- Supplied data:
────────────────
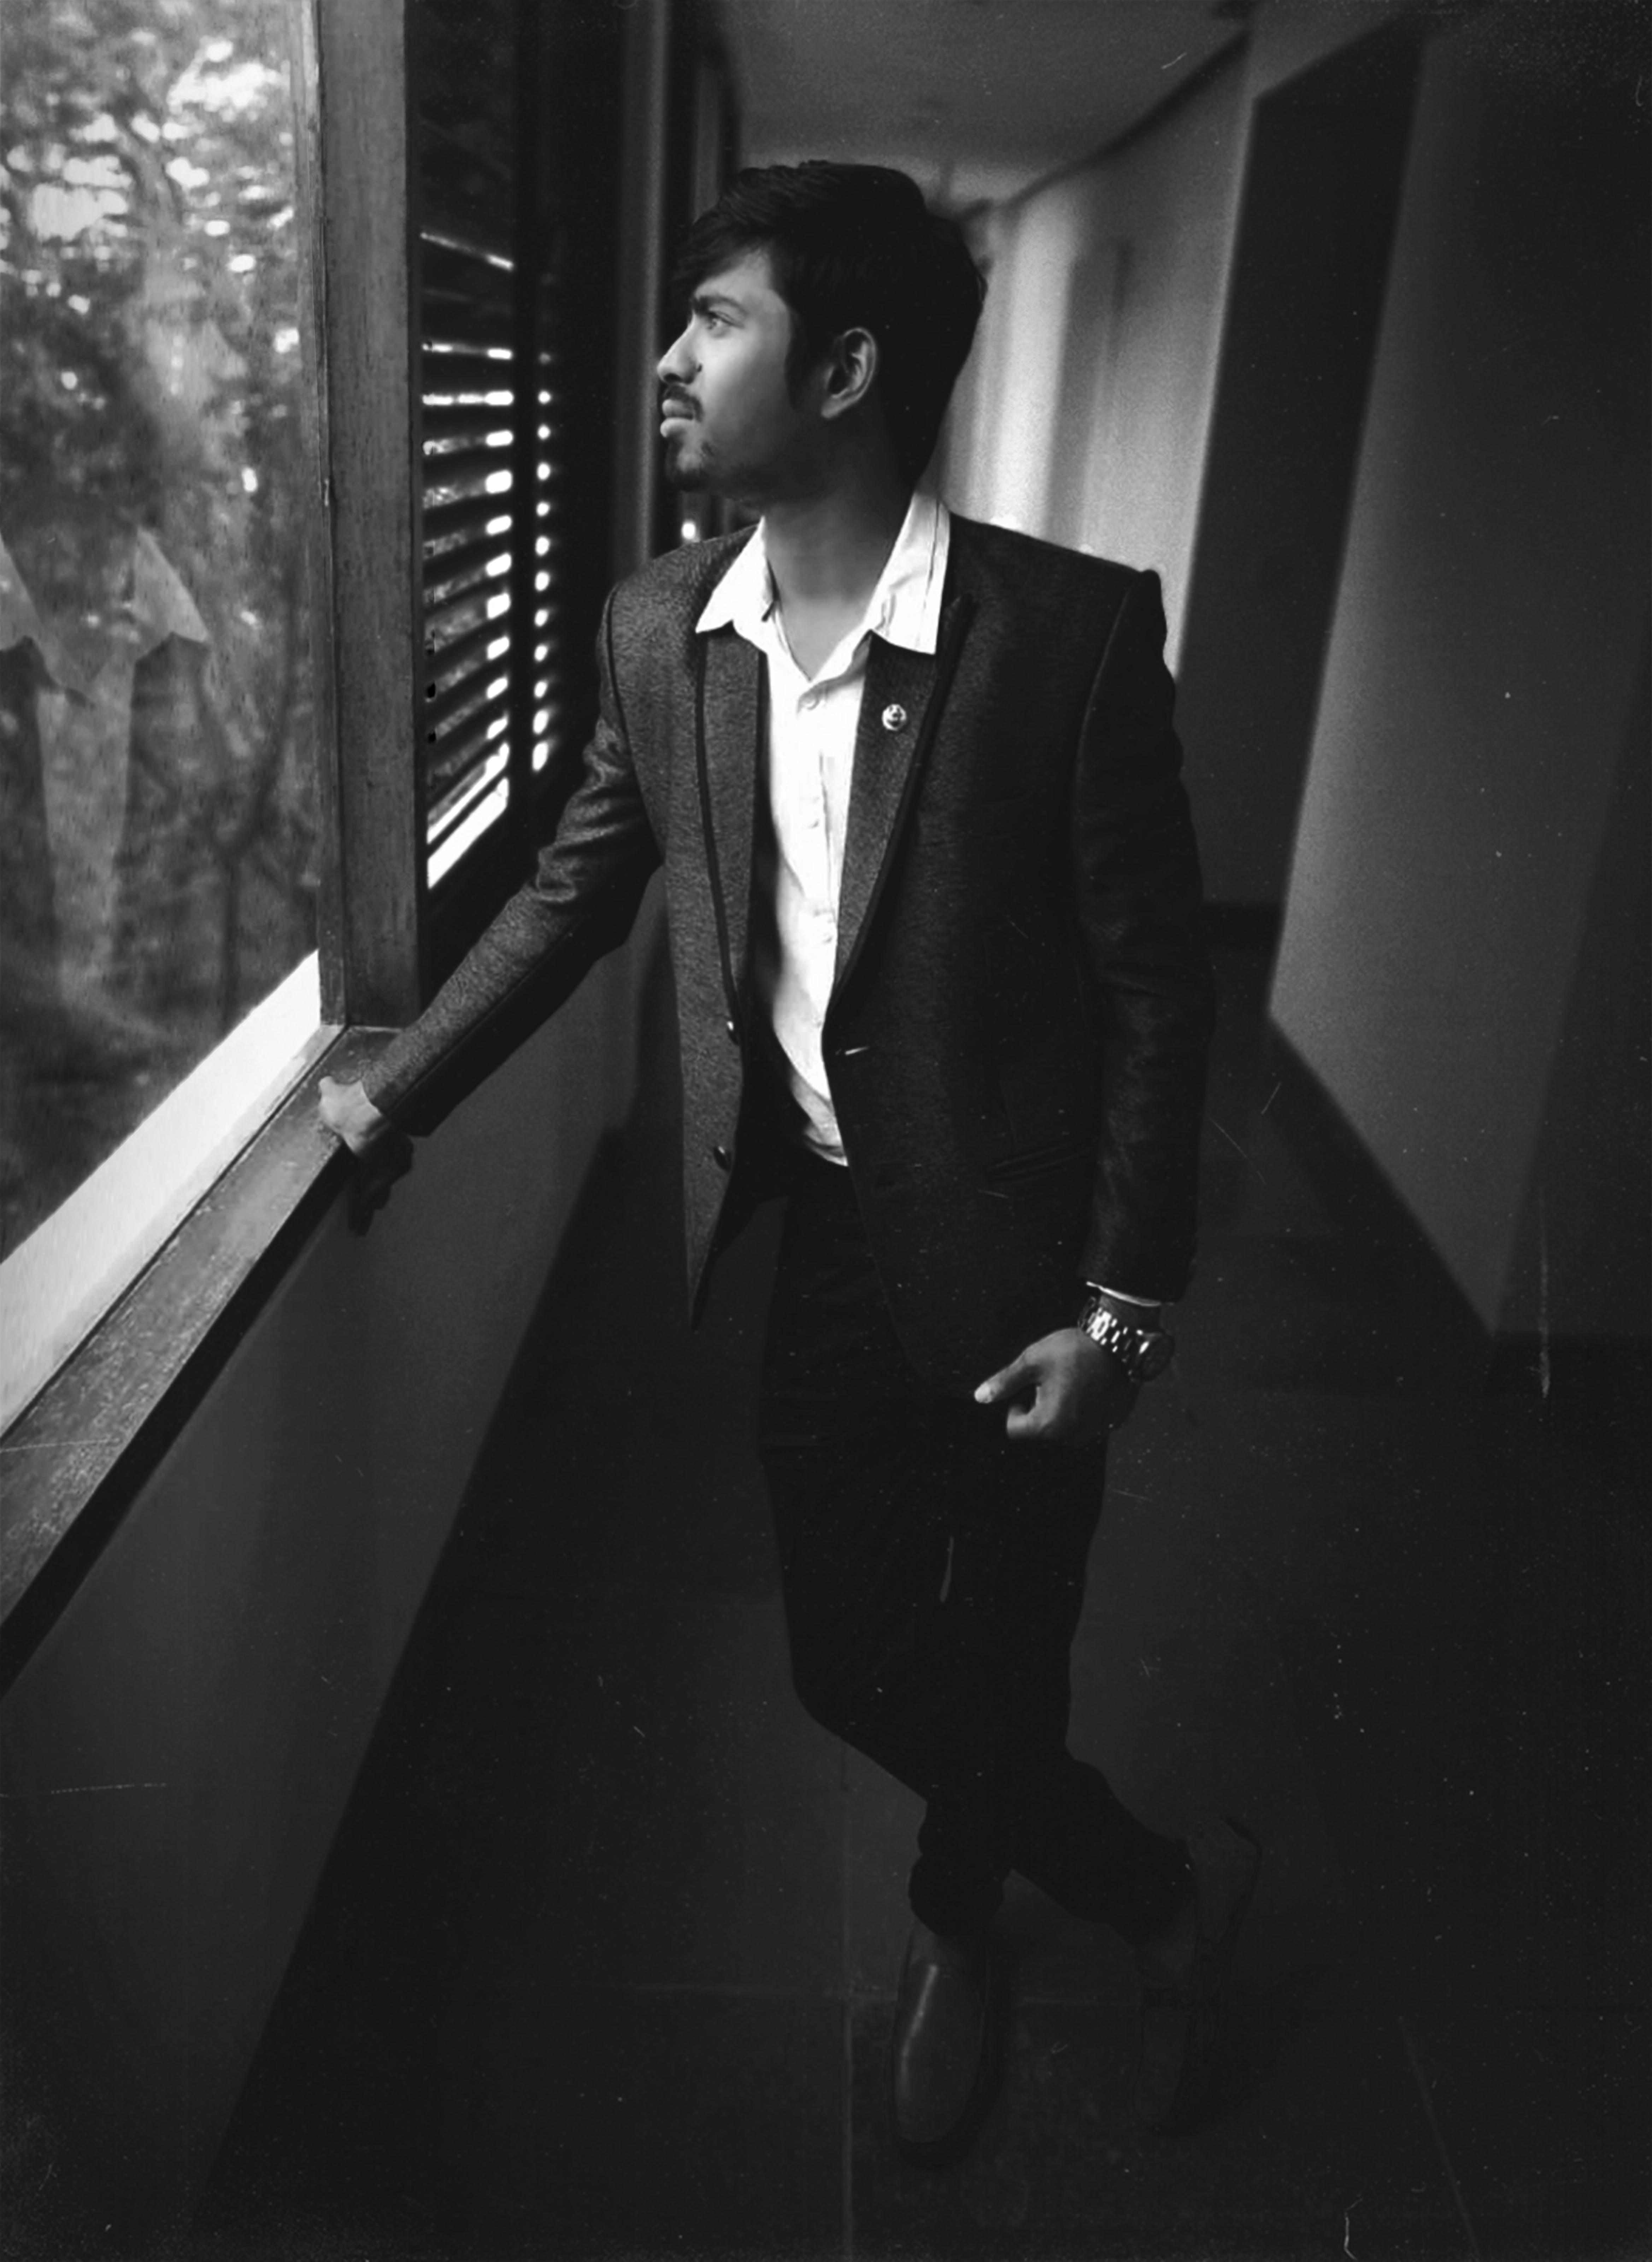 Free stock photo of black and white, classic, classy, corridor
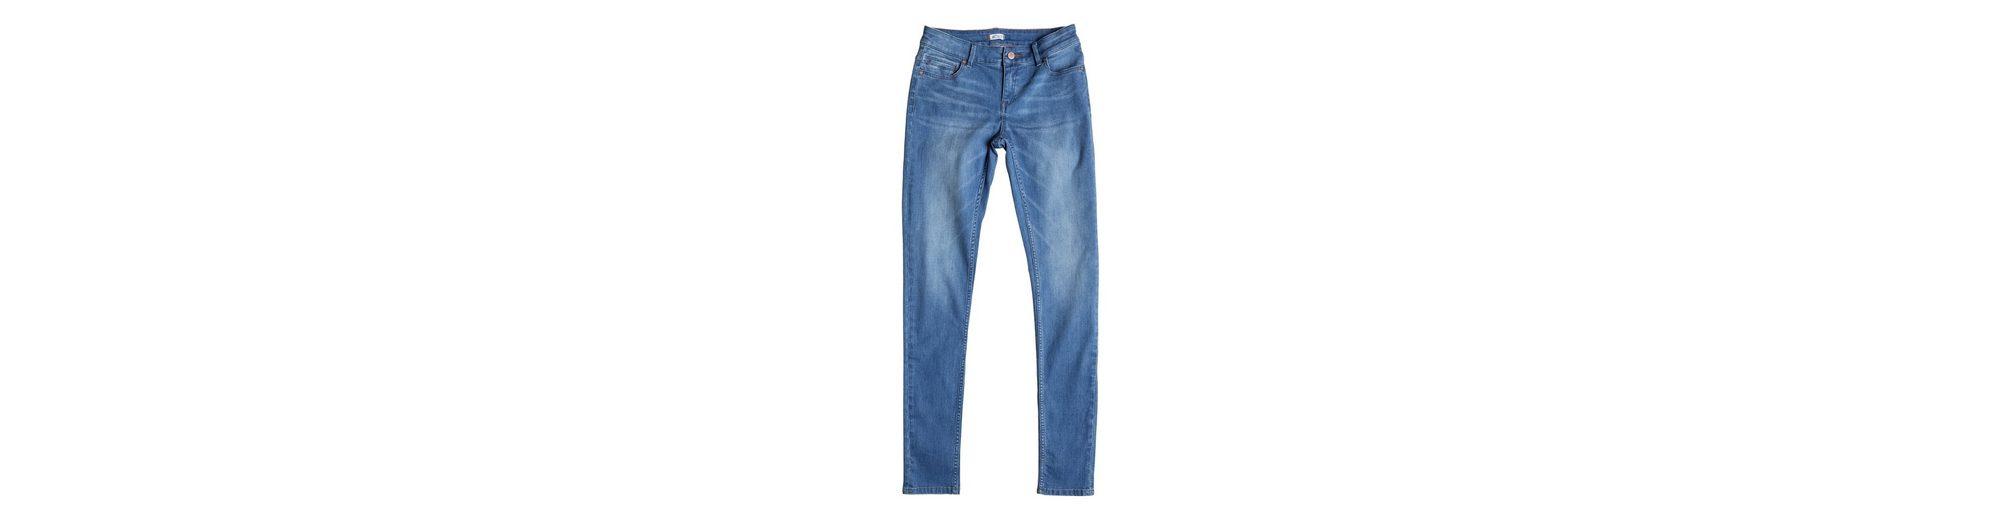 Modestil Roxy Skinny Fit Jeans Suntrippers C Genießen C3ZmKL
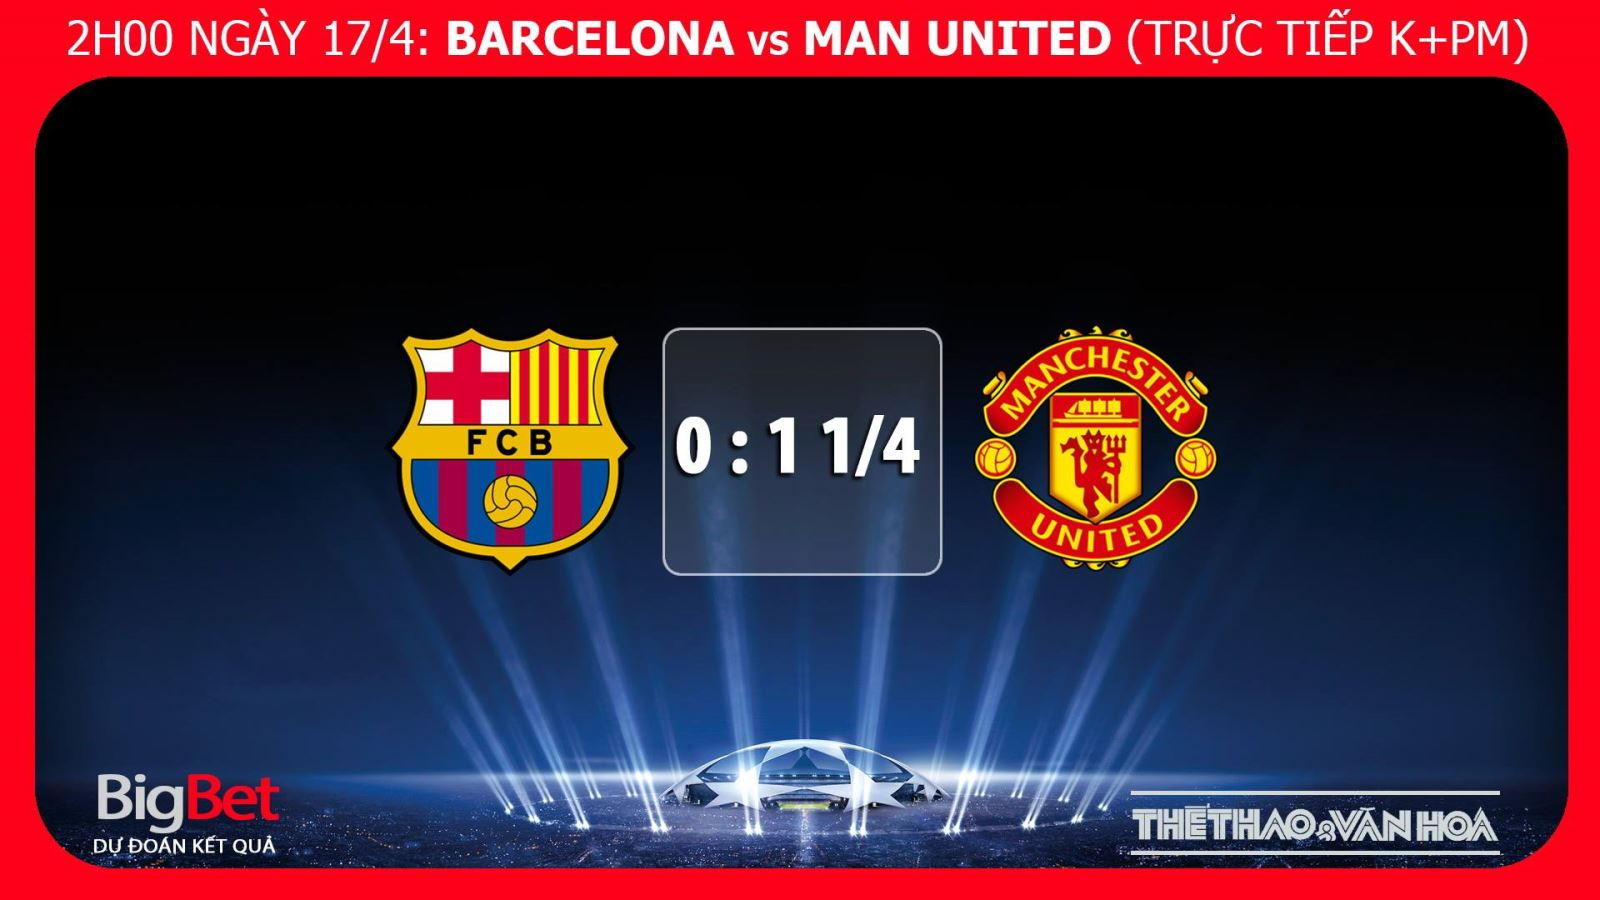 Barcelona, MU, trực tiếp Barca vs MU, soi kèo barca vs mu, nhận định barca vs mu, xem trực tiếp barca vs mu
────────────────
- Exercise aim: Copy only the lines running from the one that holds "Modestil Roxy Skinny" through the last line of the data, and include both of those lines. Do not copy any pictures.

- Solution to this task:
 Modestil Roxy Skinny Fit Jeans Suntrippers C Genießen C3ZmKL
 Barcelona, MU, trực tiếp Barca vs MU, soi kèo barca vs mu, nhận định barca vs mu, xem trực tiếp barca vs mu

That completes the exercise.